Following this news, ProShares announced on Wednesday that it would be withdrawing applications for multiple 3x funds that incorporated 3x leveraged cryptocurrency products.

The SEC’s letters specifically expressed apprehension regarding funds that aim to provide over 200% (2x) leveraged exposure to their underlying indices or securities.

This decision represents a notable pause in a previously lenient approval period for U.S. investment funds, which has seen the introduction of a wide array of cryptocurrency-based ETFs, private asset offerings, and increasingly sophisticated trading strategies.
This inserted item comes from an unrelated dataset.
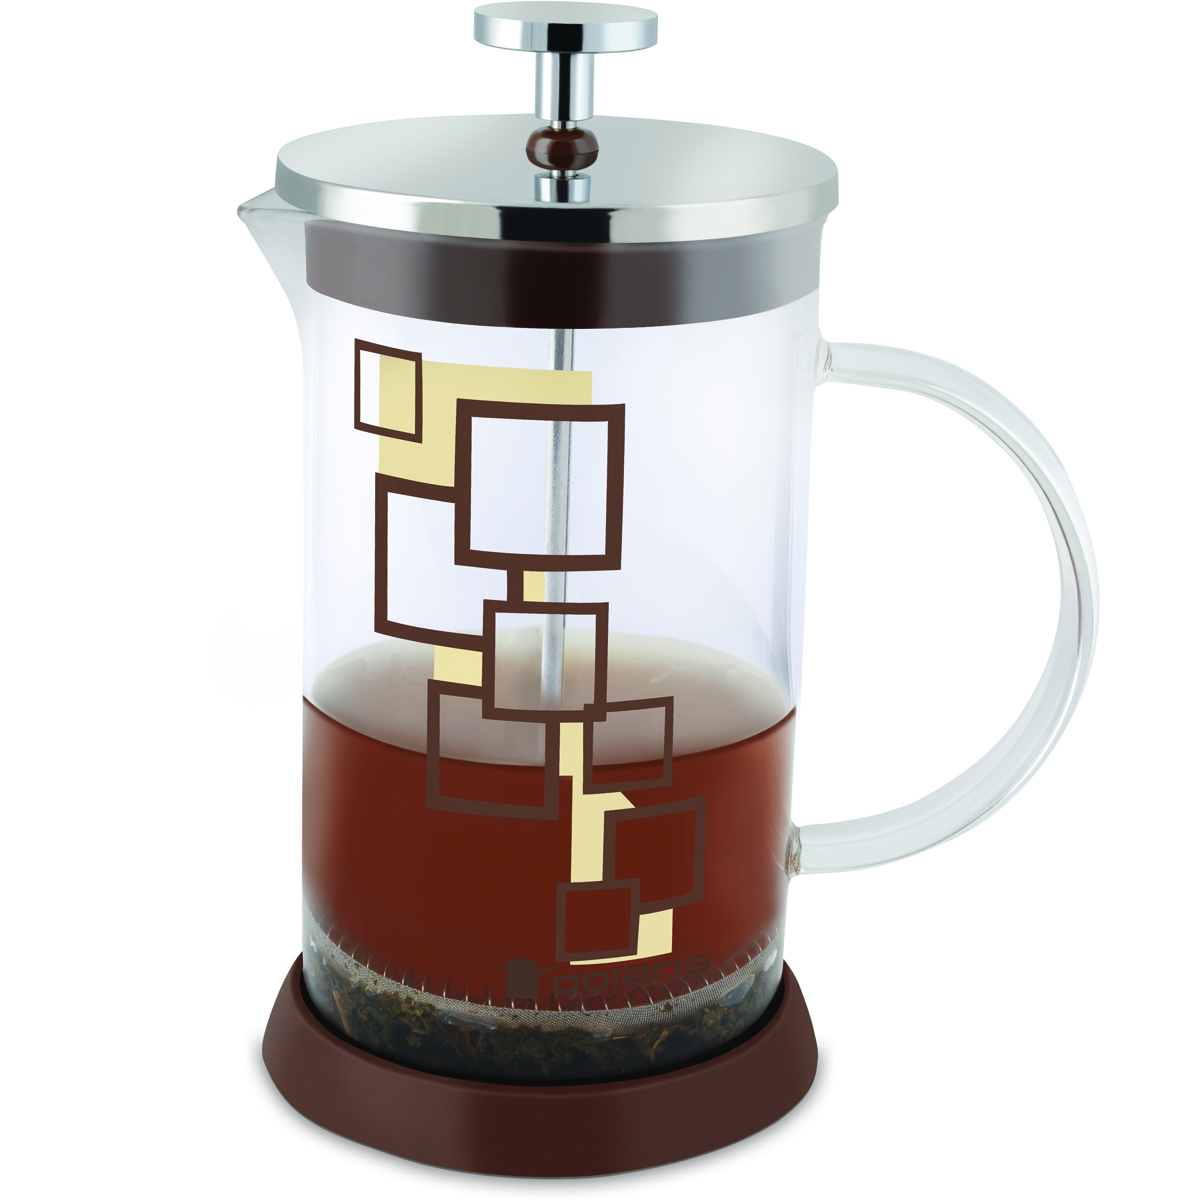 Френч-пресс Polaris Pixel-800FP, 800 млFS-91909Эксклюзивный дизайн. Френч-пресс Polaris Pixel подходит для заваривания кофе и чая.Колба изготовлена из жаропрочного стекла. Эргономичный поршень с фильтром выполнен из нержавеющей стали 18/10. Подставка из высококачественного силикона для удобства использования.

The funds currently under scrutiny are at the cutting edge of this trend, featuring high leverage, daily trading resets, and exposure to some of the most volatile market segments, such as individual stocks and digital currencies.
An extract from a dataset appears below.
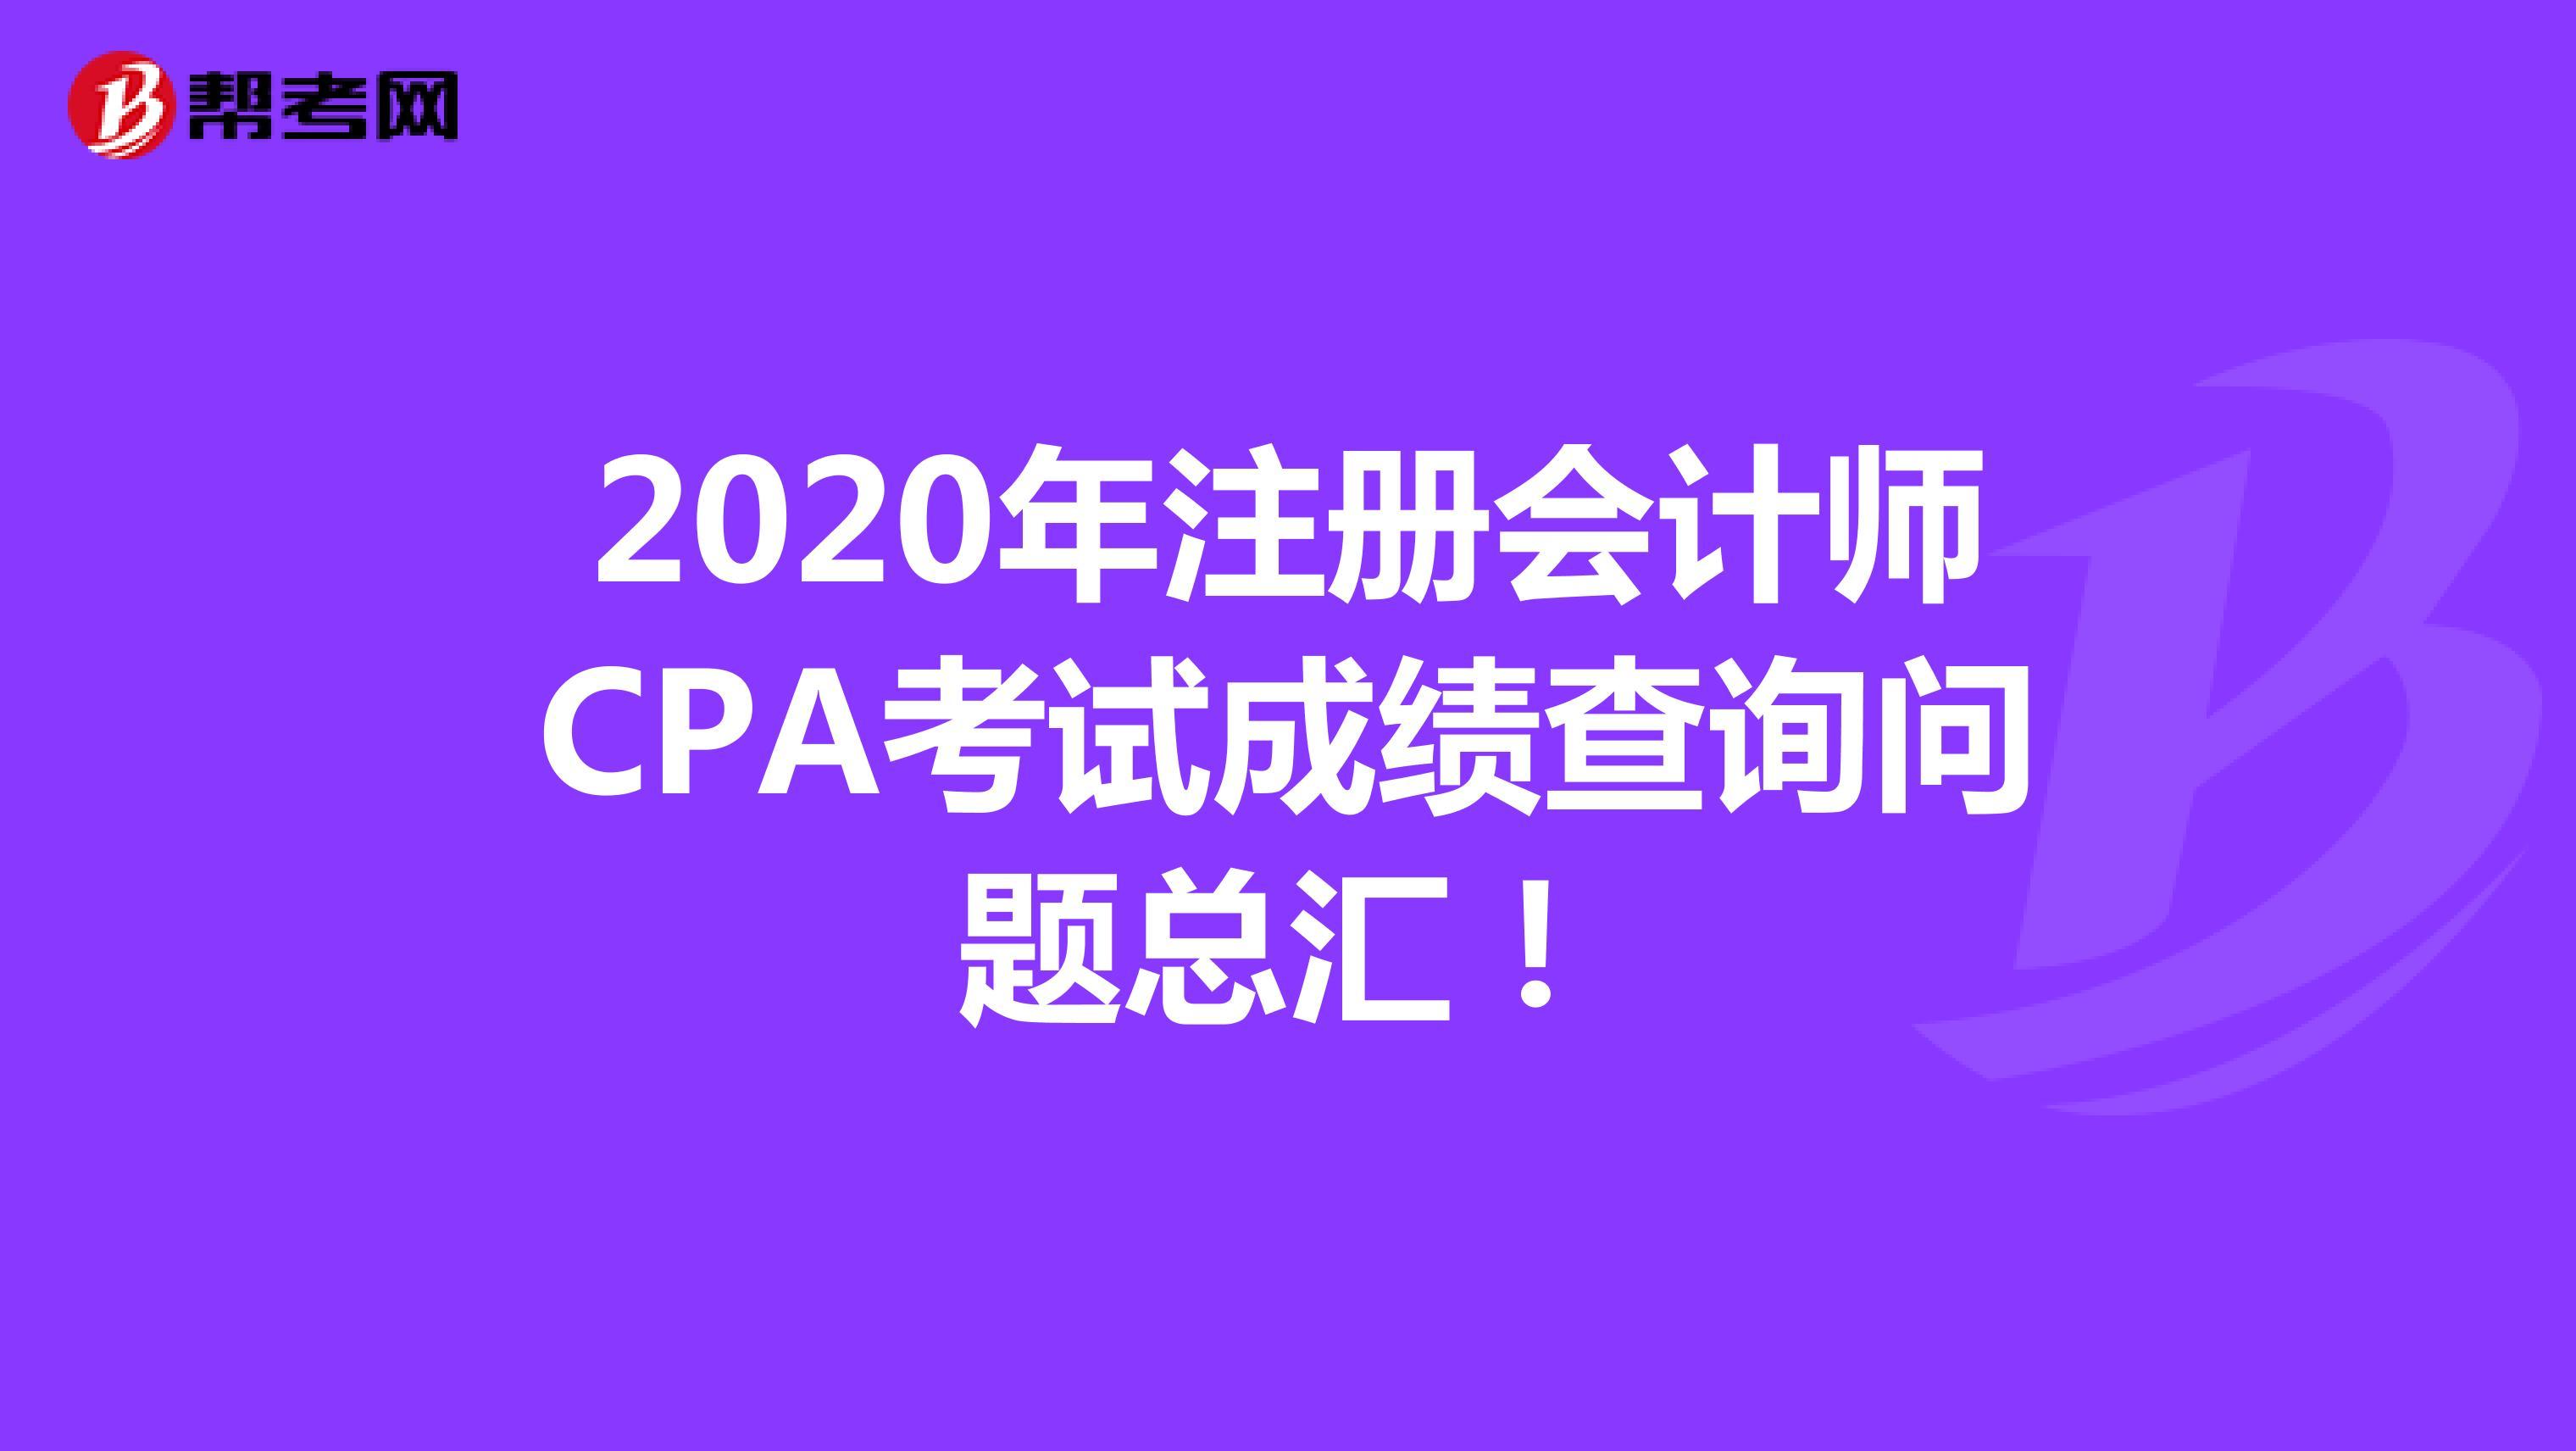 2020年【hot88热竞技提款】注册会计师CPA考试成绩查询问题总汇!

The SEC’s primary concern appears to be that these funds may be gauging risk against benchmarks that do not adequately capture the volatility of the assets involved.

“Issuers are clearly trying to push past the 2x limit, which isn’t sitting well with the SEC,” commented Todd Thorne, a senior ETF strategist at Strategas. “They’ve been looking for ways around certain language, but there’s a kind of loophole in how a fund’s ‘reference asset’ is defined.”

Some of the funds identified in the SEC’s correspondence include those from Volatility Shares, which is attempting to launch a 5x leveraged ETF aimed at enhancing daily returns from particularly volatile assets, including individual stocks like Tesla and Nvidia and cryptocurrencies like Bitcoin and Ether. At this point, there are no 5x or even 3x single-stock ETFs permitted in the U.S., as SEC guidelines have historically limited leverage to 2x.

Leveraged products tend to draw interest from investors seeking quick profits, especially since trading volumes have surged during the pandemic, with total assets climbing to $162 billion as traders hunt for advantages in fast-paced markets. However, these products have faced criticism for potentially luring novice investors into risky, non-transparent investments. For example, GraniteShares had to cease sales of its 3x Short AMD ETF in October when a sudden spike in Advanced Micro Devices Inc.’s stock price eroded the value of the product overnight.

Interestingly, the SEC’s Division of Investment Management issued the letter on the same day it was written, signaling a strong desire to address these concerns without delay. Typically, the agency would take about 20 business days to communicate with companies post-review.

An SEC representative noted that the agency does not discuss ongoing registration issues. Meanwhile, representatives from Direxion, ProShares, and Tidal have yet to respond to inquiries for comments. A lawyer for Volatility Shares indicated that the company is in conversations with regulators but did not disclose additional details.